Reputation: 25
I have a series of data frames looking like this one below:
> head(df_maxima, 10)
t distance_max intesity_max s_n_max
1 4.034 49.706 1979.922 2.251441
2 4.244 49.706 2008.562 2.269629
3 8.068 77.321 2248.527 2.388716
4 8.278 77.321 2255.795 2.389224
5 12.102 99.412 2330.322 2.512899
6 12.312 99.412 2327.884 2.517018
7 16.136 121.504 2348.834 2.541273
8 16.346 121.504 2348.147 2.539562
9 20.170 138.073 2309.776 2.583442
10 20.380 138.073 2307.124 2.579166
> tail(df_maxima, 10)
t distance_max intesity_max s_n_max
139 280.653 331.375 1213.470 1.296612
140 280.863 331.375 1218.176 1.310372
141 284.687 331.375 1226.017 1.304955
142 284.897 331.375 1228.822 1.309873
143 288.721 325.852 1233.728 1.338480
144 288.930 325.852 1239.651 1.339542
145 292.754 325.852 1240.988 1.342206
146 292.965 325.852 1243.669 1.347340
147 296.789 325.852 1244.913 1.347174
148 296.999 325.852 1250.809 1.350358
I want to plot my data so that the fill of the dots is based on the value in the column s_n_max. I also want the colors that are matched to certain value intervals of s_n_max to be consistent across different data frames and so different graphs, in order to be able to compare visually the graphs. This seems to be a problem as the values of s_n_max can be different in different data frames, so in one data frame s_n_max values can range between 1.5 and 2.5, while in another data frame the values of s_n_max can range between 0.5 and 2 or 5.

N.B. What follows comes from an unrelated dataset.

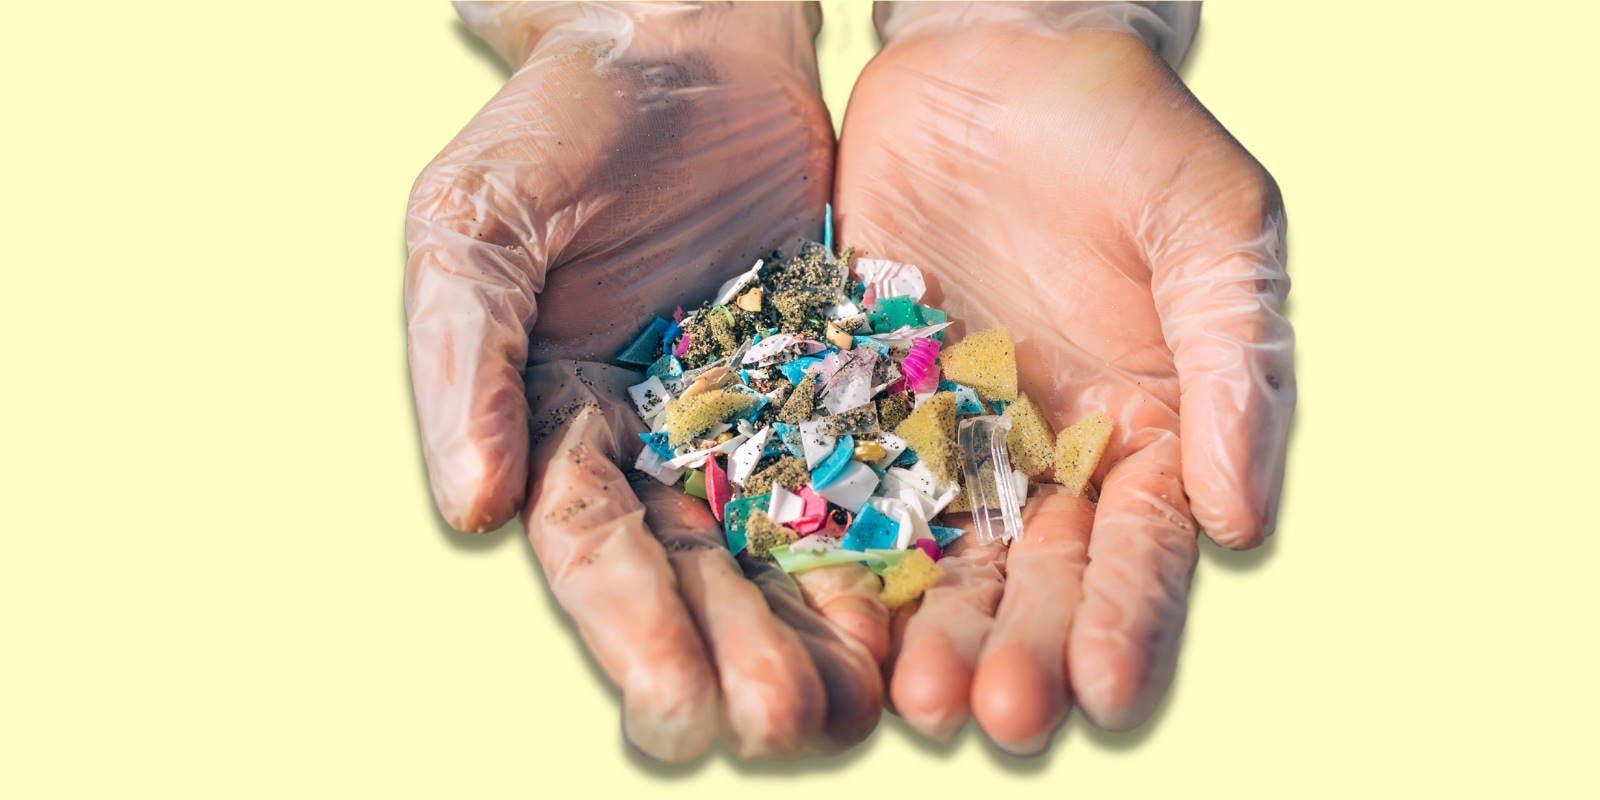 Microplastics In Cosmetics

I would like the colors of the scale to be assigned stably to 4 classes of values of s_n_max (s_n_max < 1, 1<= s_n_max < 1.5, 1,5 <= s_n_max < 2, s_n_max >= 2), and to stick to this color-range of values assignment even if the s_n_max in a certain data frame misses certain values.

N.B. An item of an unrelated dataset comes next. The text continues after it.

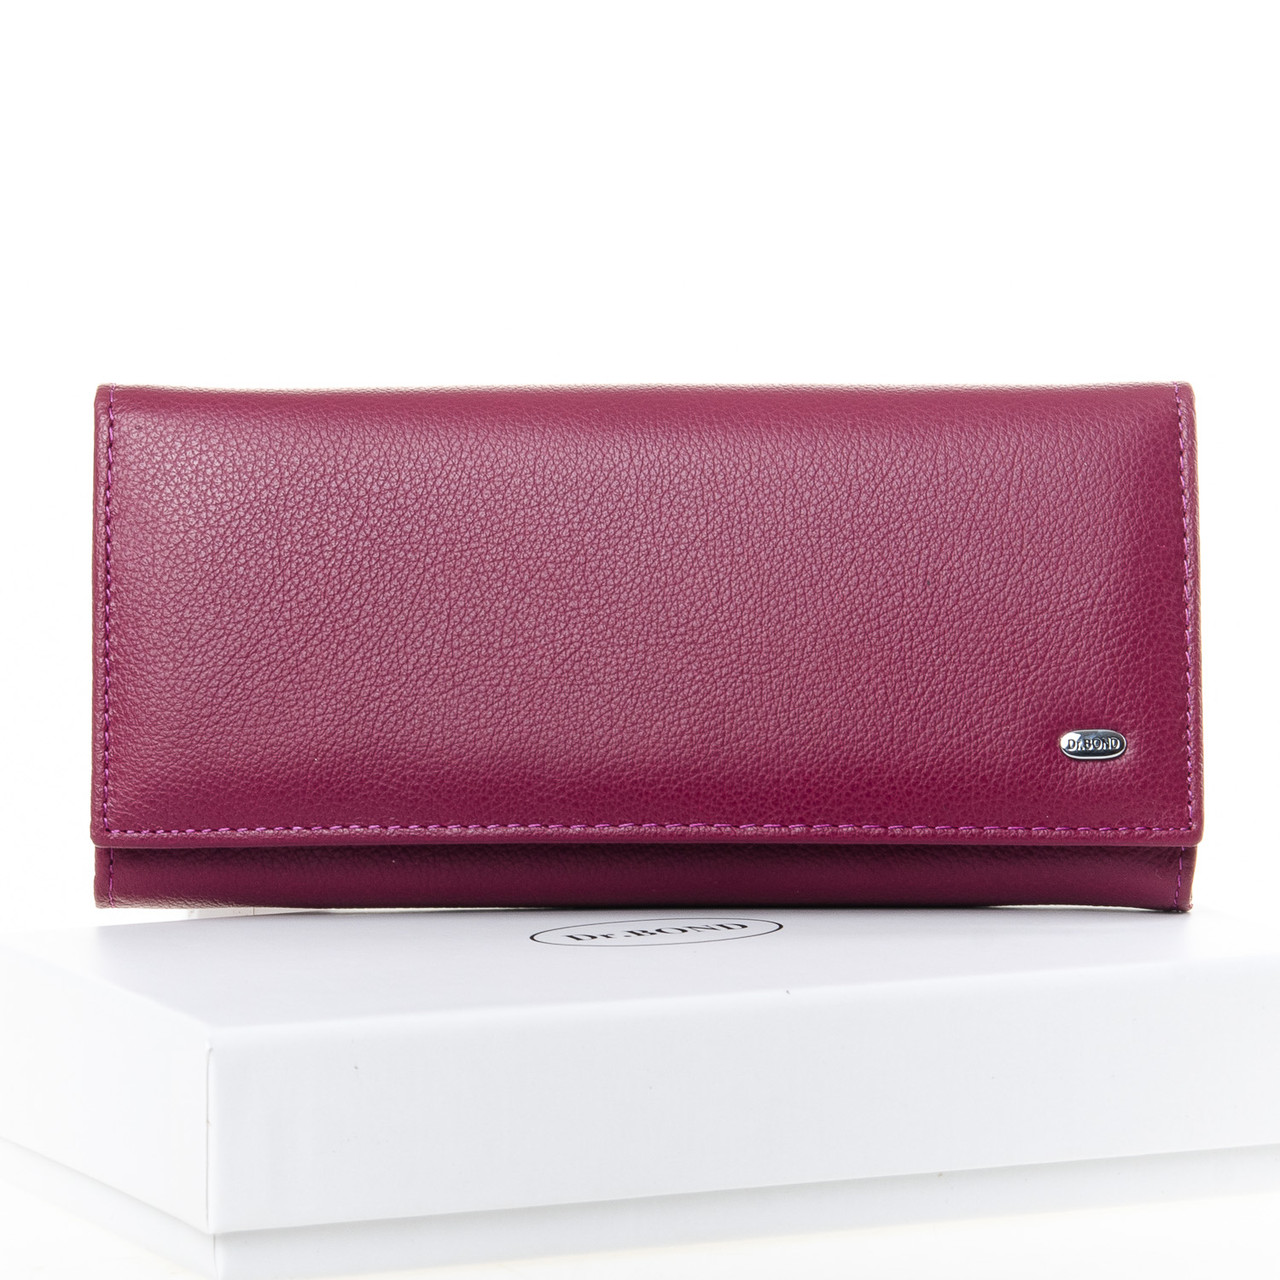 PODIUM Кошелек Classic кожа DR. BOND W501-2 purple-red

Currently I use this code to generate the graph below
my_pal_quant_2 <- RColorBrewer::brewer.pal(9, "Blues")
ggplot()+
geom_point(data=df_maxima, aes(x=t, y=distance_max, fill=cut(s_n_max, c(0,1,1.5,2,max(s_n_max)))), shape=21, col=my_pal_gray[5], stroke=0.01, size=3.5, alpha=1)+
xlab("Time [s]") +
ylab(paste("Distance from the centre", "\n" , "[\U003BCm]"))+
theme_bw(base_size=18)+
theme(plot.title = element_text(hjust = 0.5))+
labs(fill="signal/noise") +
scale_fill_manual(values =c(my_pal_quant_2[1],my_pal_quant_2[3], my_pal_quant_2[5], my_pal_quant_2[8]))+
guides(aesthetics = "fill", fill = guide_legend(reverse = TRUE, override.aes = list(shape = 21, size= 10)))

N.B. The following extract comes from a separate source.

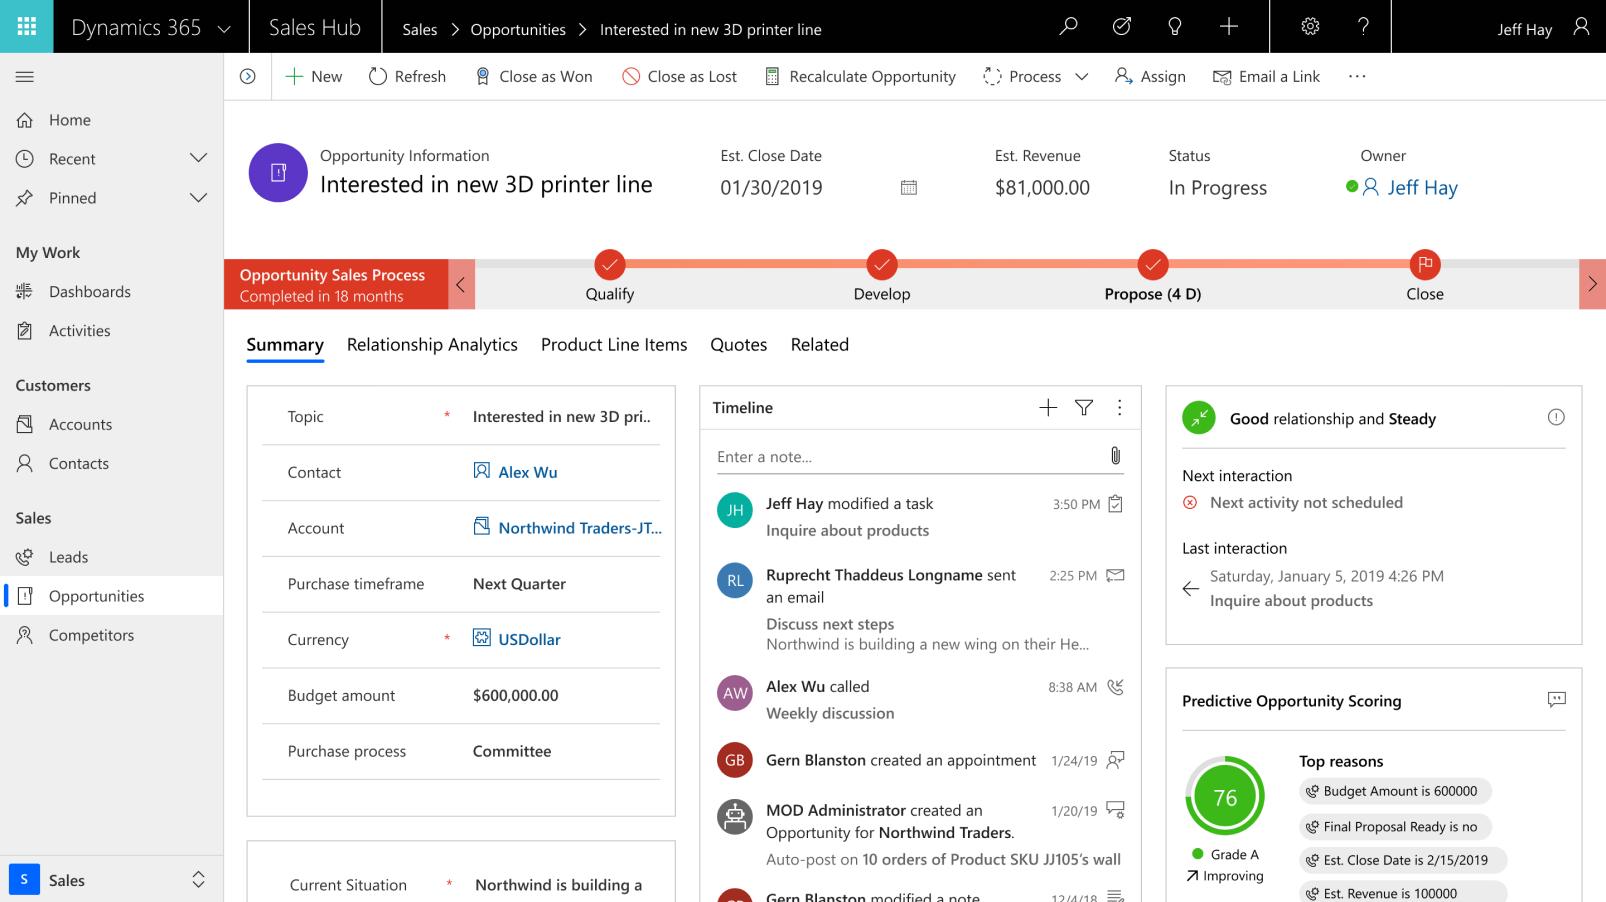 Dynamics 365 screenshot: Microsoft Dynamics 365 sales opportunity tracking

I thought that introducing breaks and specifying the colors in order in scale_fill_manual would work, but as you can see in the graph, the lighter color (my_pal_quant_21) it is not assigned to the first interval of s_n_max values as I want (s_n_max < 1).
I think the issue is that I have to fix the limits of my scale, but if I specify limits in the code of the graph in this way
ggplot()+
geom_point(data=df_maxima, aes(x=t, y=distance_max, fill=cut(s_n_max, c(0,1,1.5,2,max(s_n_max)))), shape=21, col=my_pal_gray[5], stroke=0.01, size=3.5, alpha=1)+
xlab("Time [s]") +
ylab(paste("Distance from the centre", "\n" , "[\U003BCm]"))+
theme_bw(base_size=18)+
theme(plot.title = element_text(hjust = 0.5))+
labs(fill="signal/noise") +
scale_fill_manual(values =c(my_pal_quant_2[1],my_pal_quant_2[3], my_pal_quant_2[5], my_pal_quant_2[8]), limits=c(0,10))+
guides(aesthetics = "fill", fill = guide_legend(reverse = TRUE, override.aes = list(shape = 21, size= 10)))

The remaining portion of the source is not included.